Der sozialdemokratische Sprecher Rosenfeld hat im Reichstag gesagt: »Es geht für die Herren von Rechts nicht um die Millionen, sondern um die Krone.« Das ist richtig. Es geht aber auch für die breiten Volksmassen um mehr als den Fürstenmammon. Was sich vorbereitet, das ist: eine volkstümliche Abrechnung mit jener schauderhaften Politikmacherei, wie sie sich in den Jahren des Pantoffelregiments der Fraktionsvorstände im Reichstag eingenistet hat.
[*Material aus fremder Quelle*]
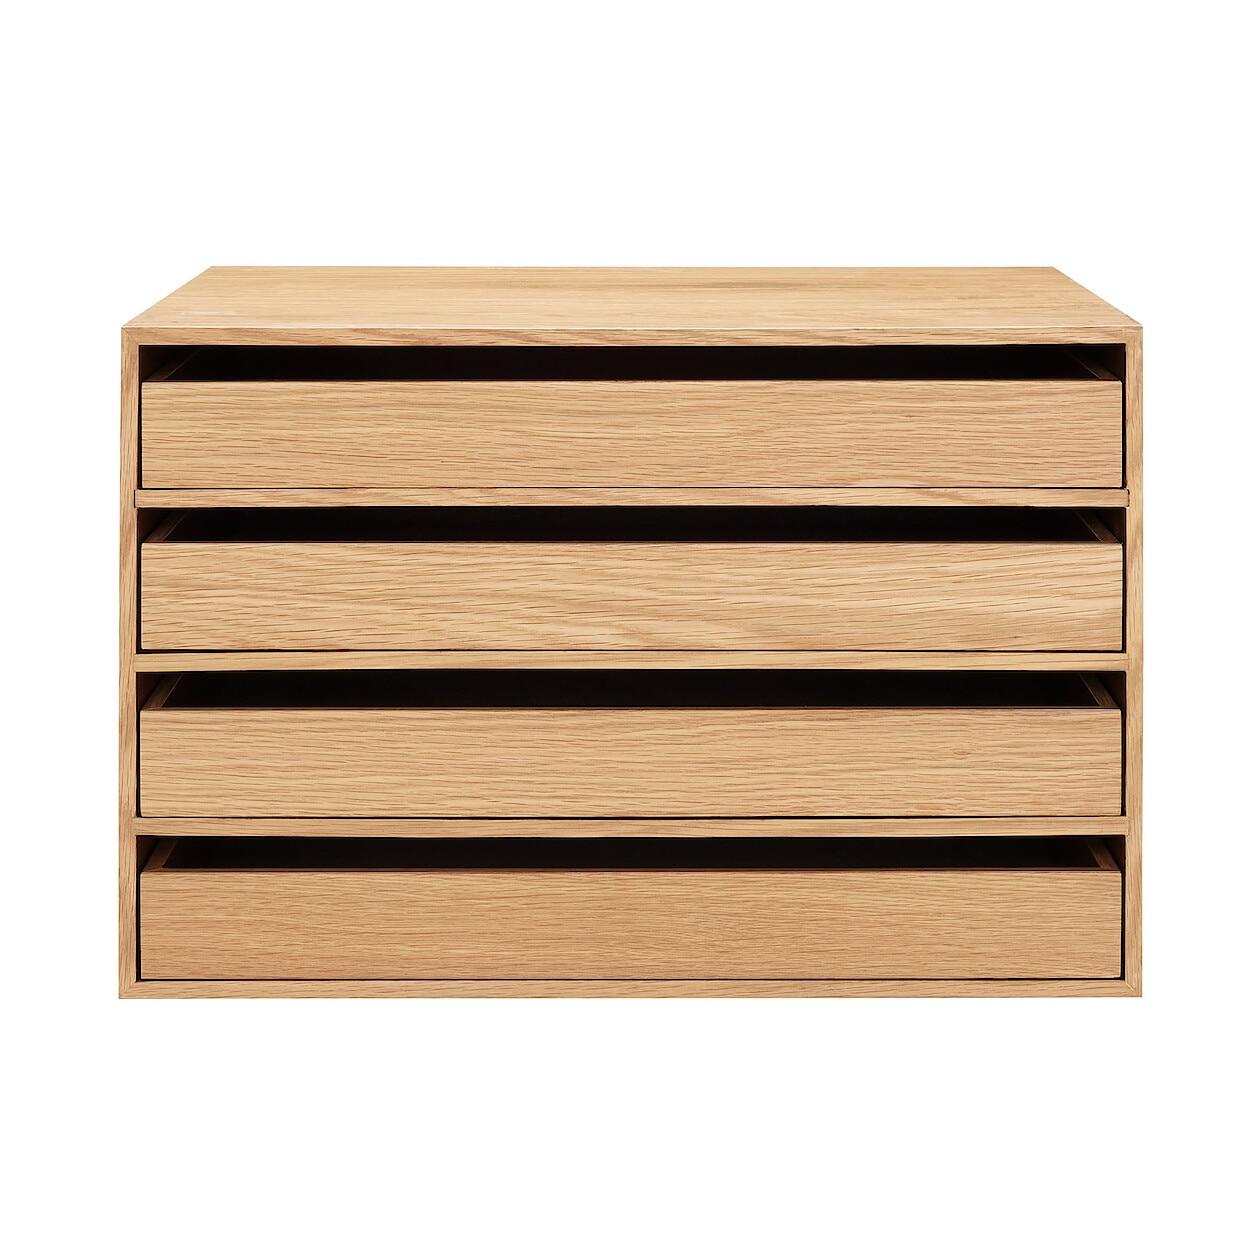 木製収納ケース・引出式・4段・ワイド・オーク材

Das Volk steht gegen den Reichstag auf. Das Volk erhebt sich gegen eine Sorte Parlamentarismus, die sich immer wieder unfähig gezeigt hat zu auch nur einer einzigen gradegewachsenen Gesetzesarbeit. Dieser Parlamentarismus, der im Halbschlaf Militär-Etats und Millionen gegen das Volk bewilligt und Alles, was Armen und Entrechteten zukommen soll, bureaukratisch kompliziert und schließlich mit verfassungsmäßigen Bedenken abwürgt – dieser Parlamentarismus steht unterm Schwert. Und es ist eine hohe Gunst der Stunde, für die wir dankbar sein wollen, daß zum ersten Mal seit 1918 wieder, ohne Trübung und Verdickung durch Parteiphrasen, blank und scharf zwei Prinzipien sich gegenüberstehen. Wo gestern noch Kuhhandel war, wird morgen reinliche Abstimmung, Mann für Mann, entscheiden. Faule Parlamentsdemokratie ist in ihrer eignen Unfähigkeit erstickt; das Volk selbst muß die Idee der Demokratie wieder retten.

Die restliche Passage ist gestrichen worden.